Please note the precalculus tag.
Best Answer
Jakobian gave a very good hint. I am giving somewhat sharper bounds for $x_n$. Note that the OP incorrectly used the Cauchy–Bunyakovsky–Schwarz inequality. Indeed, when applied correctly, we get $$\sqrt{n}\left(x_n+\sqrt{n}\right)=\sqrt{\sum_{k=1}^n1^2}\sqrt{\sum_{k=1}^n\left(\frac{k+1}{k}\right)^2}\geq \sum_{k=1}^n1\cdot\left(\frac{k+1}{k}\right)=n+H_n,$$ where $H_n=\sum_{k=1}^n\frac1k$ is the $n$th harmonic number. That is, $$x_n\geq \frac{H_n}{\sqrt{n}}.$$
For the upper bound, the OP got $$x_n=\frac{\sum_{k=1}^n \frac{1}{k^2}+2H_n}{\sqrt{\sum_{k=1}^n\left(\frac{k+1}{k}\right)^2}+\sqrt{n}}.$$ We can show that $\sum_{k=1}^n\frac{1}{k^2}$ is bounded above by $2$ via $$\sum_{k=1}^n\frac{1}{k^2}<1+\sum_{k=2}^n\frac{1}{k(k-1)}=1+\left(1-\frac{1}{n}\right)<2.$$ However, a sharper upper bound is $\sum_{k=1}^n\frac{1}{k^2}<\zeta(2)=\frac{\pi^2}{6}$. Also, $$\sum_{k=1}^n\left(\frac{k+1}{k}\right)^2\geq \sum_{k=1}^n1^2=n.$$ This proves that $$x_n<\frac{\frac{\pi^2}{6}+2H_n}{\sqrt{n}+\sqrt{n}}=\frac{H_n}{\sqrt{n}}+\frac{\pi^2}{6}\left(\frac{1}{2\sqrt{n}}\right).$$ (You can replace $\frac{\pi^2}{6}$ by $2$ if you want a precalculus solution.)
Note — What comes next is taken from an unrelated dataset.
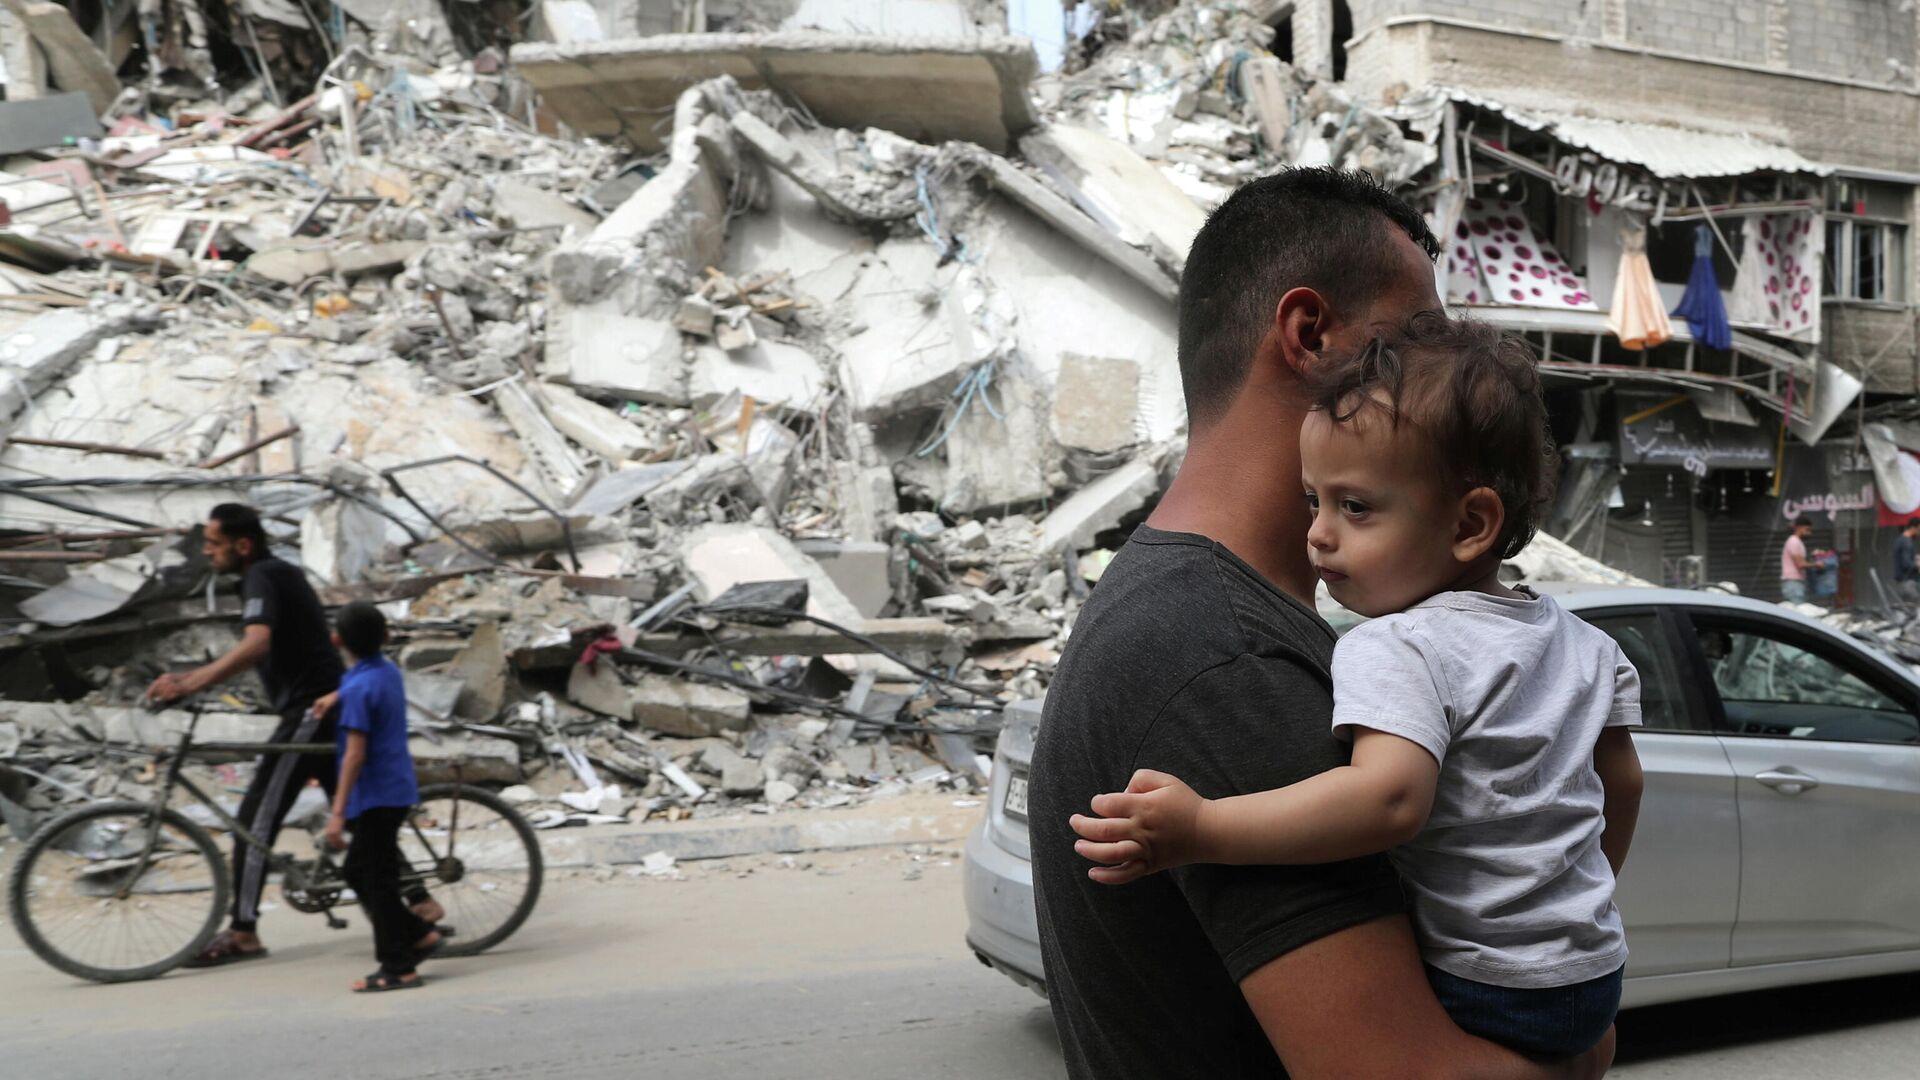 Палестинец с ребенком проходит мимо разрушенных в результате бомбардировки зданий в секторе Газа, после объявления о прекращении огня между Израилем и ХАМАС - РИА Новости, 1920, 01.06.2021

That is, we have $$\frac{H_n}{\sqrt{n}}\leq x_n<\frac{H_n}{\sqrt{n}}+\frac{\pi^2}{6}\left(\frac{1}{2\sqrt{n}}\right).$$ So, $x_n$ has the asymptotic behavior of $\frac{H_n}{\sqrt{n}}\approx \frac{\ln n}{\sqrt{n}}$. But to show that $x_n$ is bounded, we don't need to know that $H_n\approx \ln n$ (well, to be even more precise, $H_n\approx \gamma+\ln n$, where $\gamma$ is the Euler–Mascheroni constant). Clearly, $$\frac{\pi^2}{6}\left(\frac{1}{2\sqrt{n}}\right)\leq \frac{\pi^2}{6}\left(\frac{1}{2}\right).$$ Furthermore, $$H_n=\sum_{k=1}^n\frac{1}{k}\leq \sum_{k=1}^n\frac{1}{\sqrt{k}}<\sum_{k=1}^n\frac{2}{\sqrt{k}+\sqrt{k-1}}=2\sum_{k=1}^n(\sqrt{k}-\sqrt{k-1})=2\sqrt{n}.$$ Hence, $$x_n<\frac{2\sqrt{n}}{\sqrt{n}}+\frac{\pi^2}{6}\left(\frac{1}{2}\right)=2+\frac{\pi^2}{6}\left(\frac{1}{2}\right)<\infty.$$ Again, replace $\frac{\pi^2}{6}$ by $2$ if you don't want any non-precalculus knowledge in the proof. So, you would get $x_n<3$ for all $n$.